Однако, несмотря на все пережитые ужасы, она продолжала воспринимать японцев как людей. «Мое отношение к японцам быстро превратилось в настороженное, удивленное любопытство, и таким оно остается по сей день. Должна признаться, что к некоторым из них я испытываю и материнские чувства». Она чувствовала в них ту же колючую неустойчивость, что и в гиббонах, за которыми она ухаживала. (Это не было оскорблением: для Микки, который очень уважал обезьян, сравнение человека с обезьяной было комплиментом).

После битвы при Мидуэе в июне 1942 года чрезмерно разросшаяся Империя Солнца, со всех сторон пронзаемая атаками союзников, проявила первые признаки сдувания. Первые американские бомбардировщики появились в небе над Гонконгом в июле 1943 года. Микки узнала, что благодаря энергичному преследованию чиновников Госдепартамента ее сестрой Хелен, она будет отправлена домой на репатриационном корабле.

— План, который Чарльз, озабоченный здоровьем дочери, горячо одобрил.

За несколько дней до запланированного отъезда Микки взял Каролу с собой в лагерь на Аргайл-стрит, где каждый понедельник родственникам разрешалось устраивать парад перед интернированными. Общение между заключенными и членами их семей ограничивалось одной открыткой из пятидесяти слов в месяц. Женам не разрешалось смотреть в глаза своим мужьям; бывало, что охранники расстреливали посетителей, осмелившихся заговорить.

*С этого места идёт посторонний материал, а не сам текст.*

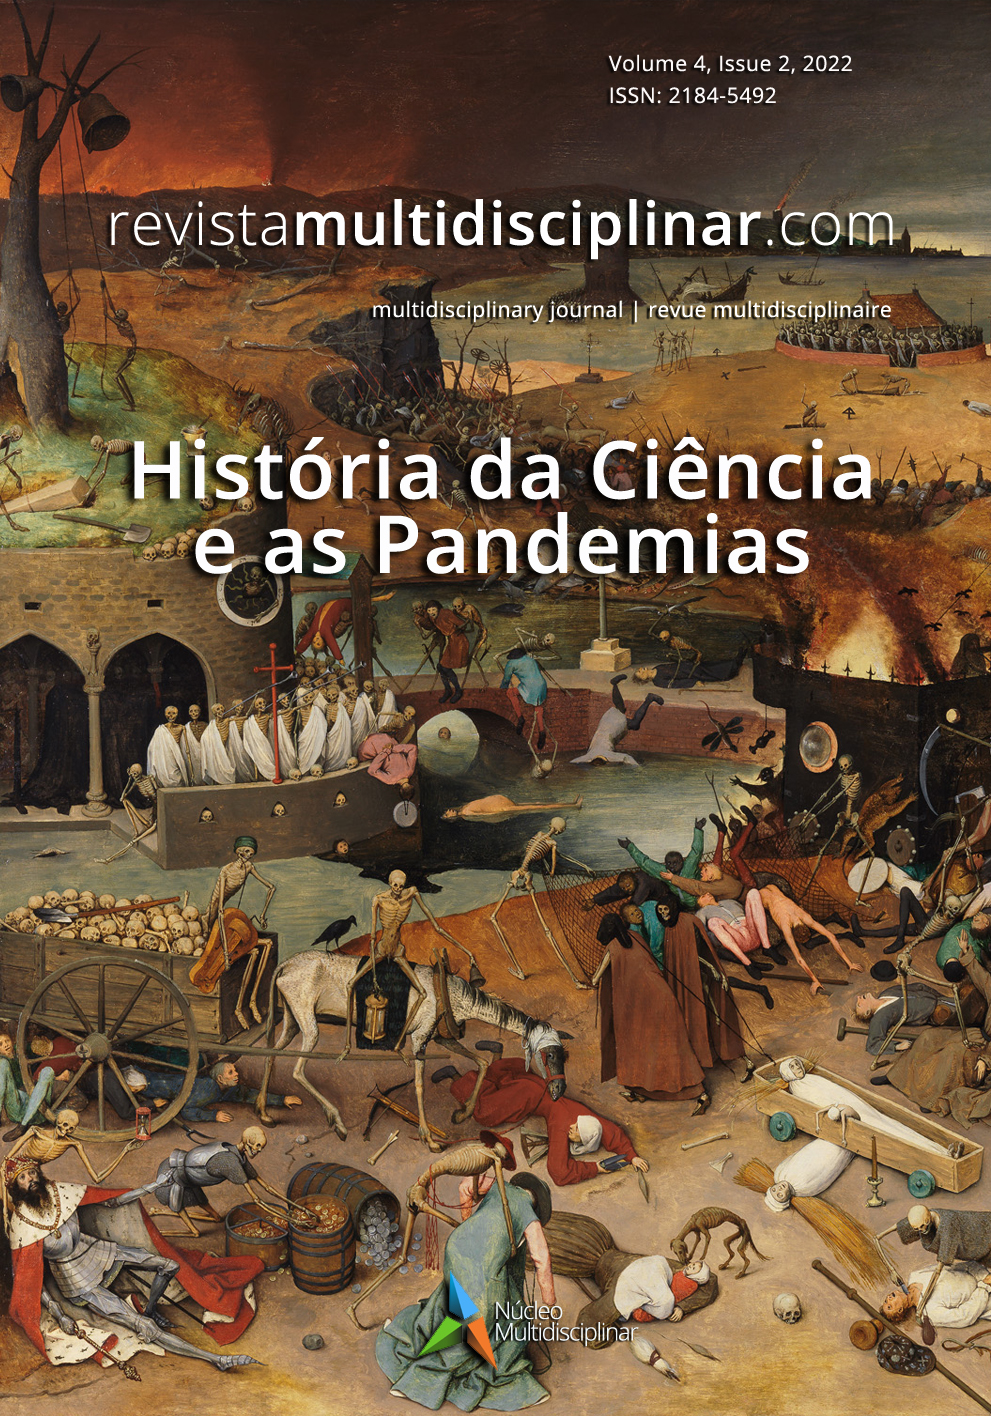 					Ver Vol. 4 N.º 2 (2022): História da Ciência e as Pandemias
				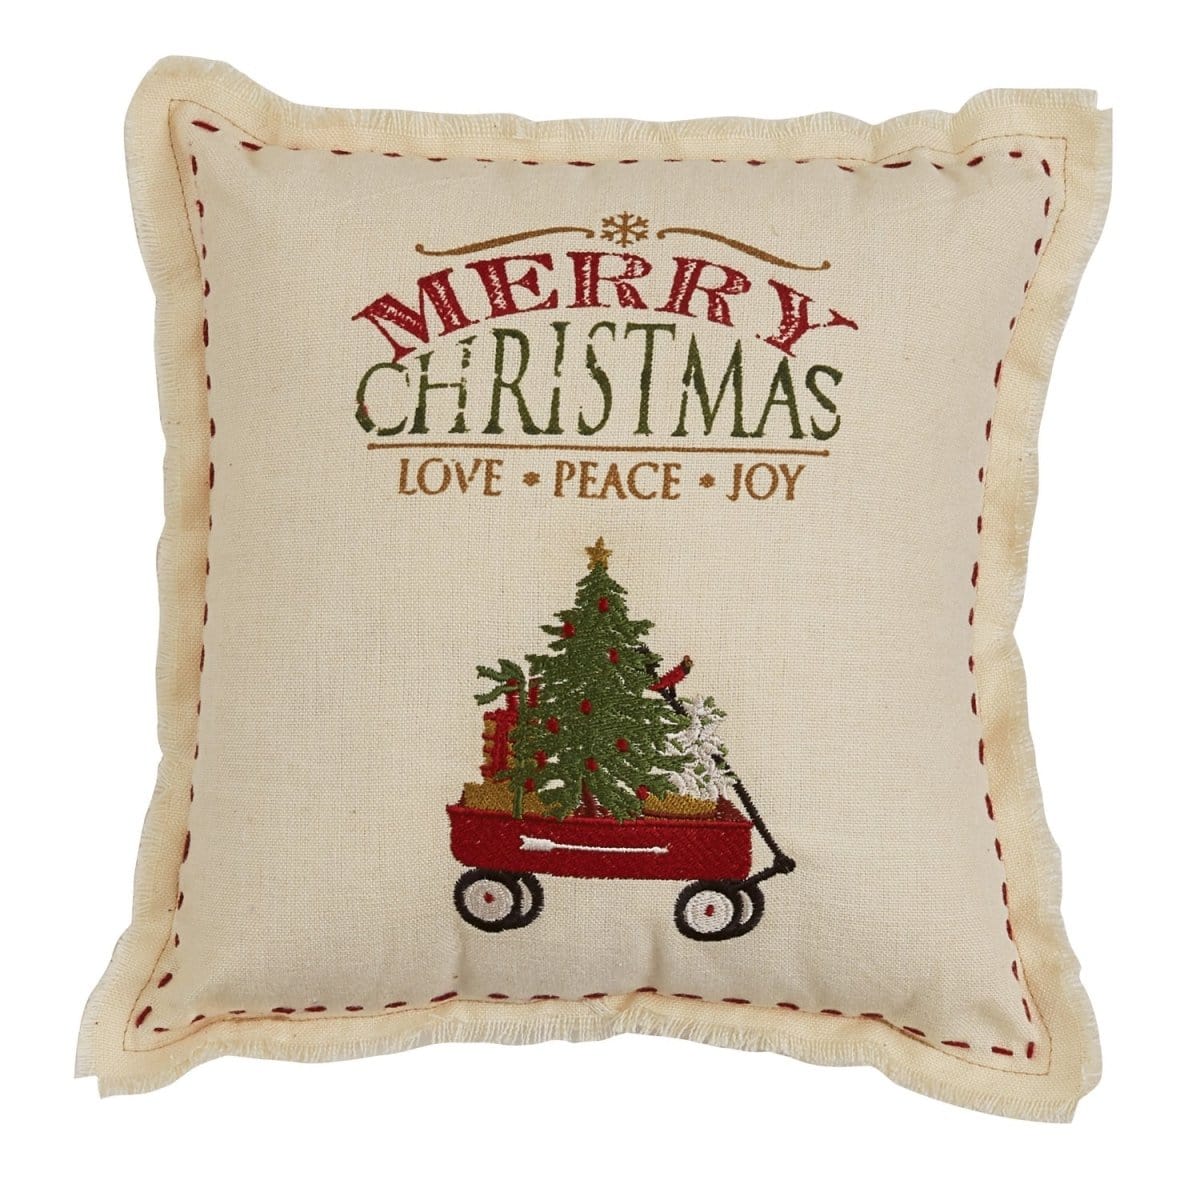 Merry Christmas pillow 10" x 10" Square-Park Designs-The Village Merchant

К удивлению Микки, когда водитель рикши провез их по обочине недалеко от колючей проволоки, ее двадцатимесячная дочь приподнялась на сиденье и закричала: «Папа, пока-пока! Папа, пока-пока!» Охранники нахмурились, но не открыли огонь. Как она узнала, ама ее дочери потратила неделю на то, чтобы научить Каролу произносить эти слова.

Микки и Карола отплыли из Гонконга 23 сентября 1943 года на борту судна Teia Maru. Это был один из двух рейсов по репатриации, разрешенных из оккупированного японцами Китая. Микки отвели трехъярусную каюту, которая оказалась кишащей рыжими муравьями. Корабль, захваченное французское судно с оригинальным погребом марочного вина, был рассчитан на 700 человек, но на борту оказалось вдвое больше. Половину списка пассажиров составляли миссионеры и их семьи, что вызвало культурный конфликт, когда на Филиппинах они подобрали дюжину американских бывших военных и пляжников. Эти бродяги, получившие быстрое прозвище «Дети тупика», посвятили свою энергию опустошению запасов спиртного на корабле.

Среди репатриантов Микки узнал знакомое лицо. Моррис «Двустволка» Коэн, впервые приехавший в Китай в 1922 году, наконец-то возвращался домой. Микки был потрясен его жалким видом. Старый пиджак, теперь уже на три размера больший, свисал складками с его некогда громоздкой фигуры, а на нем были малиновые шорты, сделанные из оконных занавесок. После того как он стал питаться «пудингом Стэнли» — кашицей из арахисового масла, риса, воды и сахара, — он похудел на восемьдесят фунтов, и кожа складками свисала с его костей. За бокалами шампанского и поздними сэндвичами с луком у Коэна было достаточно времени, чтобы рассказать ей о своем последнем приключении в Китае.